Few good historical films come out of India. Movie buffs remember Satyajit Ray's The Chess Players, a classic in which the British seize the Indian kingdom of Avadh, and Lagaan, a crowd-pleaser nominated for an Oscar in 2002, in which the Indians thrash the British at cricket. But these are the exceptions. Most Bollywood films focus predictably on ishq—love—and little else. The travails of The Rising: Ballad of Mangal Pandey, India's most ambitious historical movie in years, show why.
Two plaintiffs claiming to be descendants of a brother of Pandey, the film's central character and a hero of a 19th century uprising against the British, filed a lawsuit in the Delhi High Court on Sept. 1 in the hope of stopping the movie from showing. They charge that it impugns their ancestor's character, and they're seeking nominal damages from the director, screenwriter, producer and two co-stars. The lawsuit came after the film had already been blasted by critics and academics, as well as by indignant politicians from Pandey's home state, Uttar Pradesh. In fact, so many people have attacked the film, and for so many different reasons, that it's become an intriguing piece of history itself.
In March 1857, Pandey, a soldier in the armies of the British East India Company, the commercial venture of freebooters and merchants that ruled India, attacked his officers and called on his fellow soldiers to join him. He was apparently incensed by the army's new gun cartridges, which were rumored to be coated with the grease of pigs and cows, thereby forcing him to violate his Hindu beliefs. Pandey's putsch failed; he was court-martialed and executed. But the rebellion spread, with soldiers rising up across India and proclaiming an aging Mughal ruler as Emperor. The British brutally won back city after city, and extinguished the mutiny. But when the Indians finally threw the British out 90 years later, they celebrated 1857 as their first war of independence, and Pandey as its first martyr.
All this is solid material for a movie, and The Rising has been keenly anticipated, not least because it stars Aamir Khan, widely considered Bollywood's best actor. An aggressive marketing campaign saw images of Khan, looking livid but dashing in his red British uniform, plastered on billboards across India. Theaters were sold out on opening day. Then the protests began.
First to criticize the film were nationalistically minded viewers who didn't like the fact that it shows Pandey cavorting with prostitutes, consuming the narcotic bhang, and even befriending a "Britisher"—the film is structured around a friendship between Pandey and an English officer named Gordon. The director, Ketan Mehta, has a reasonable defense: the movie begins with a disclaimer, stating that it's a hybrid of fact and fiction. Not much is known about Pandey's life, and the film invents liberally; yet there is some plausibility to its inventions. No one knows, for example, whether or not Pandey used drugs, but the historical record shows that his officers did think he was under the influence. The friendship between Pandey and a British officer is invented and improbable, but it's justifiably in the film to prevent it from tipping over into chauvinism. The friendship also reflects the historical truth that not all British soldiers were racists, and that amidst its looting and profiteering, the Company did some good—for instance, by banning sati (wife burning).

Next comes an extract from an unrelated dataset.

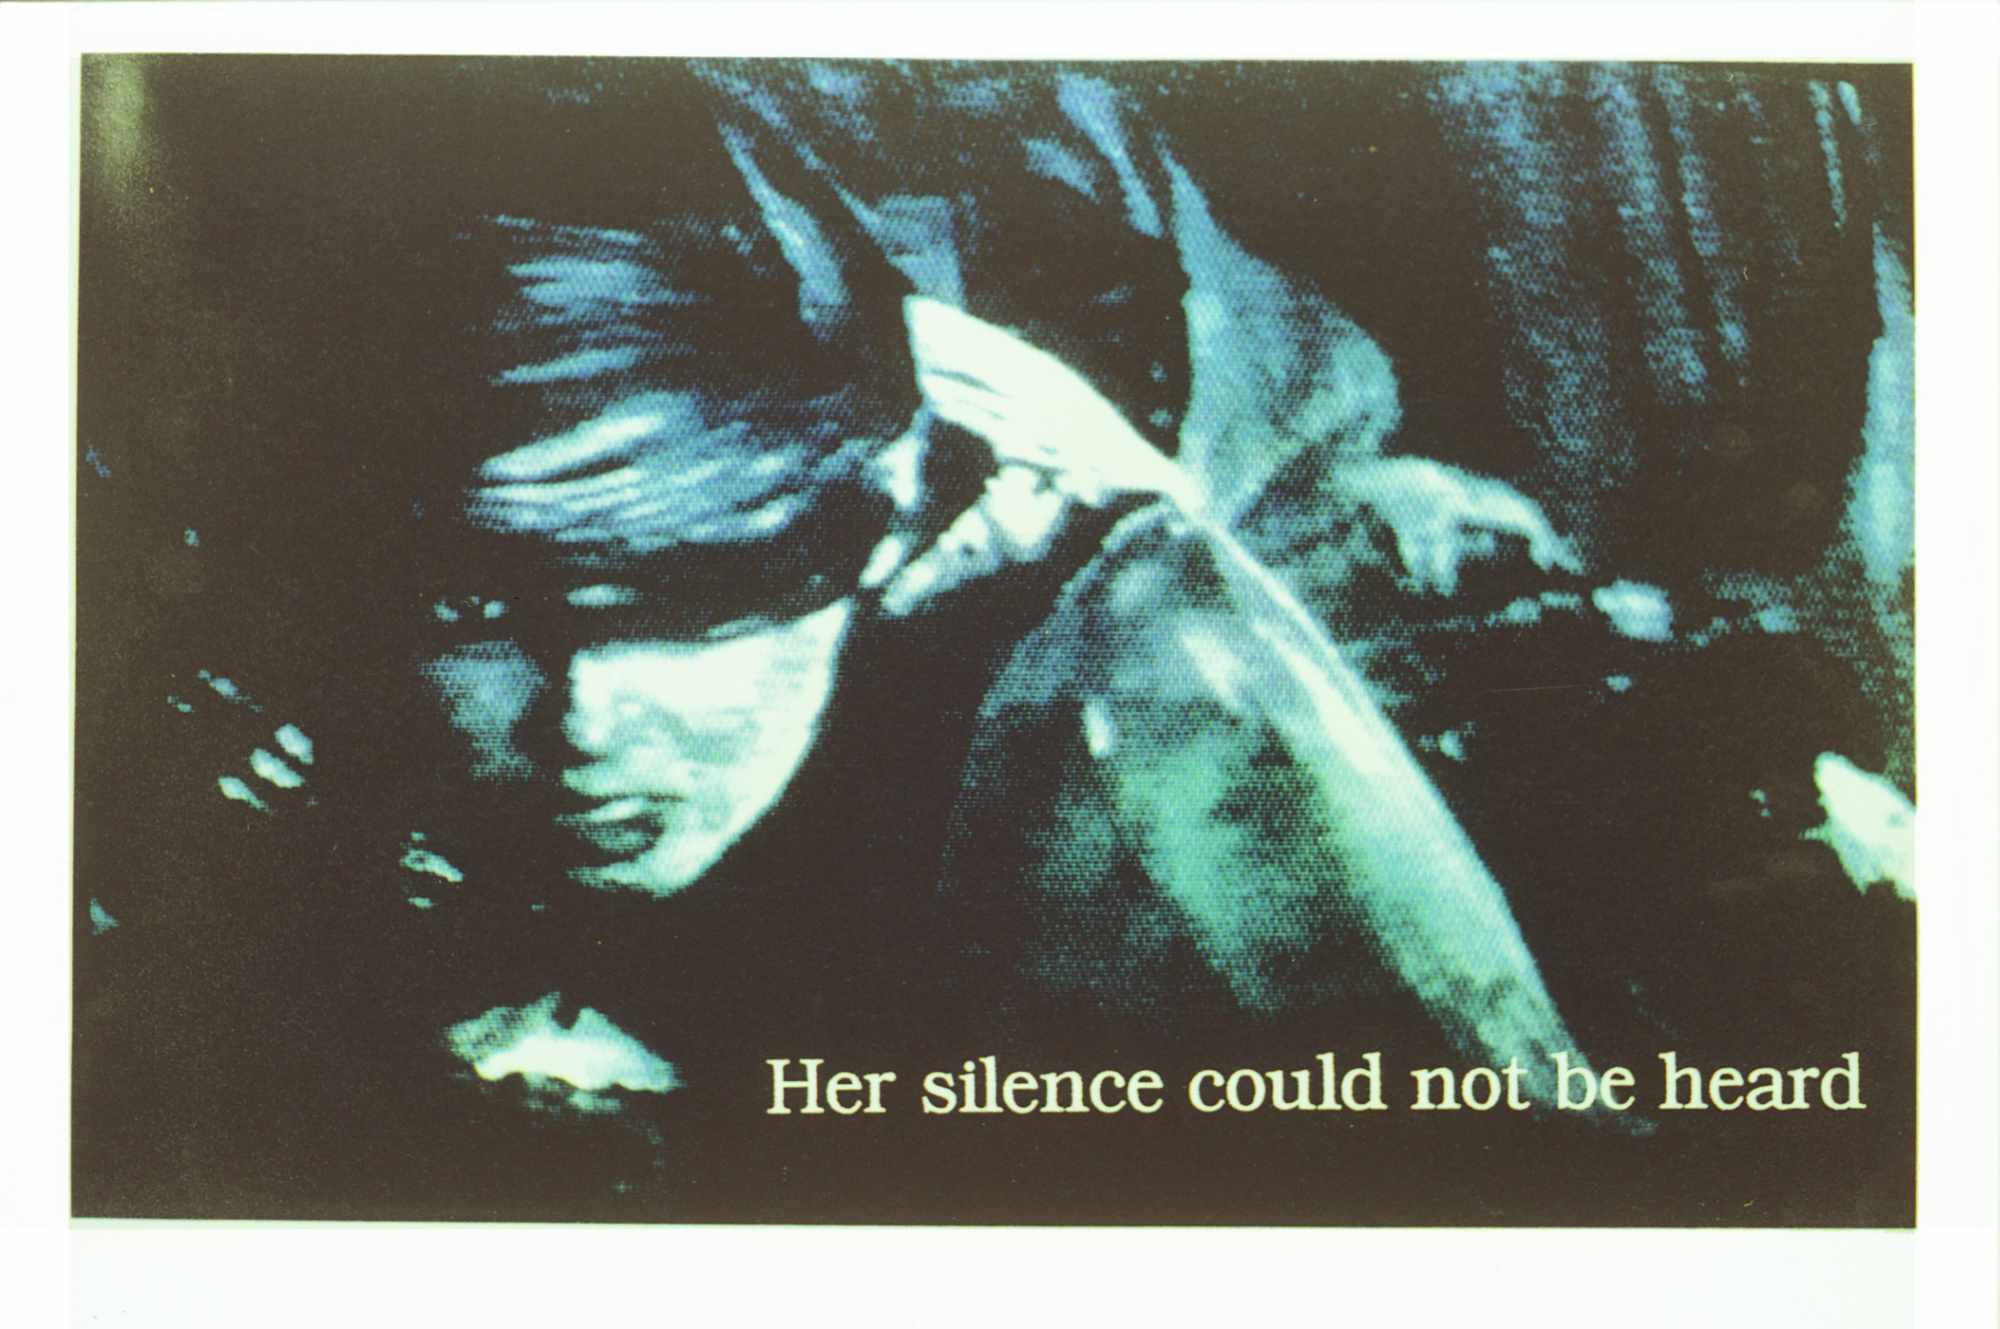 Her Silence - Type C Mural Print - 1200 x 1000mm
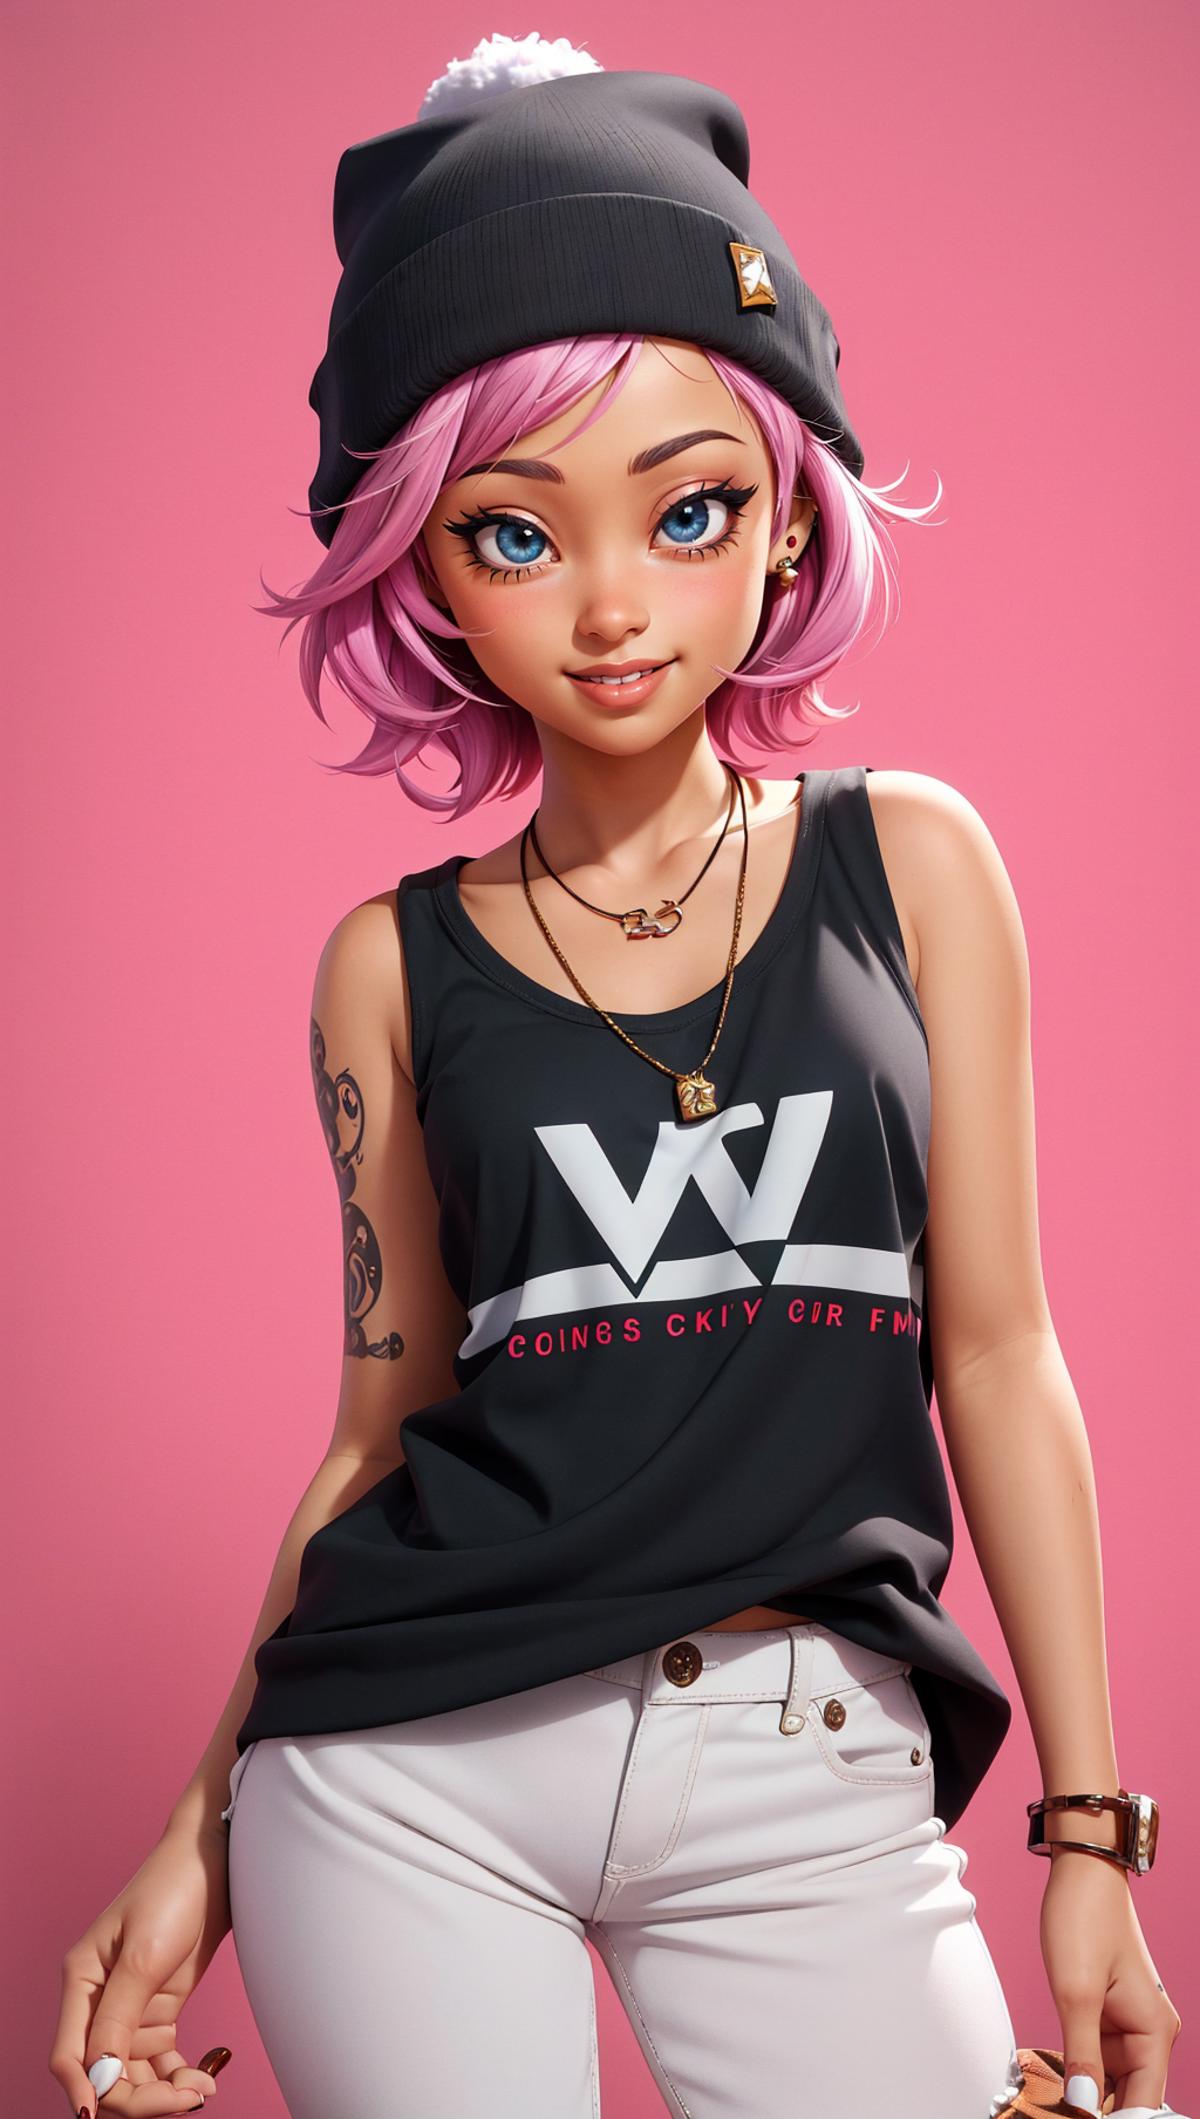 A doll with a pink wig is wearing a black tank top and a necklace.

In any case, the charge of character assassination is preposterous. The Rising isn't particularly good, but Khan is splendid: by turns virile and pensive, he has created a thinking hero of a kind rarely seen in Indian movies. And that's riled up another set of the movie's critics—an iconoclastic group that delights in punching holes in the heroes that many Indians hold sacred. This lot, shooting off columns in magazines and papers, has suggested that Pandey wasn't fighting for India, which didn't even exist in 1857, but was just a village boy furious that he couldn't be a good Hindu because of the animal fat on his cartridges. The iconoclasts might be onto something—the film's portrayal of Pandey as a progressive democrat committed to equality and religious accord is howlingly implausible, given the era in which he lived. Still, it's a harmless piece of idealization in a country that could do with more harmony.
It seems hardest to defend the film from the last group of detractors: those who complain that it panders to the West in the hopes of repeating Lagaan's success abroad. The movie does come with a full load of Orientalist clichés. There are far too many elephants, dancing girls, and cows walking about, and the British officer gets a suspicious amount of screen time, suggesting that this film was carefully calculated to do well with audiences in Britain and America. But for all its stereotypes and implausibilities, this is a movie worth defending: because if everyone attacks The Rising, who in India will dare to make another historical film? And if provocative period pieces become a thing of the past, we are doomed to a future in which confections about ishq rule unchallenged.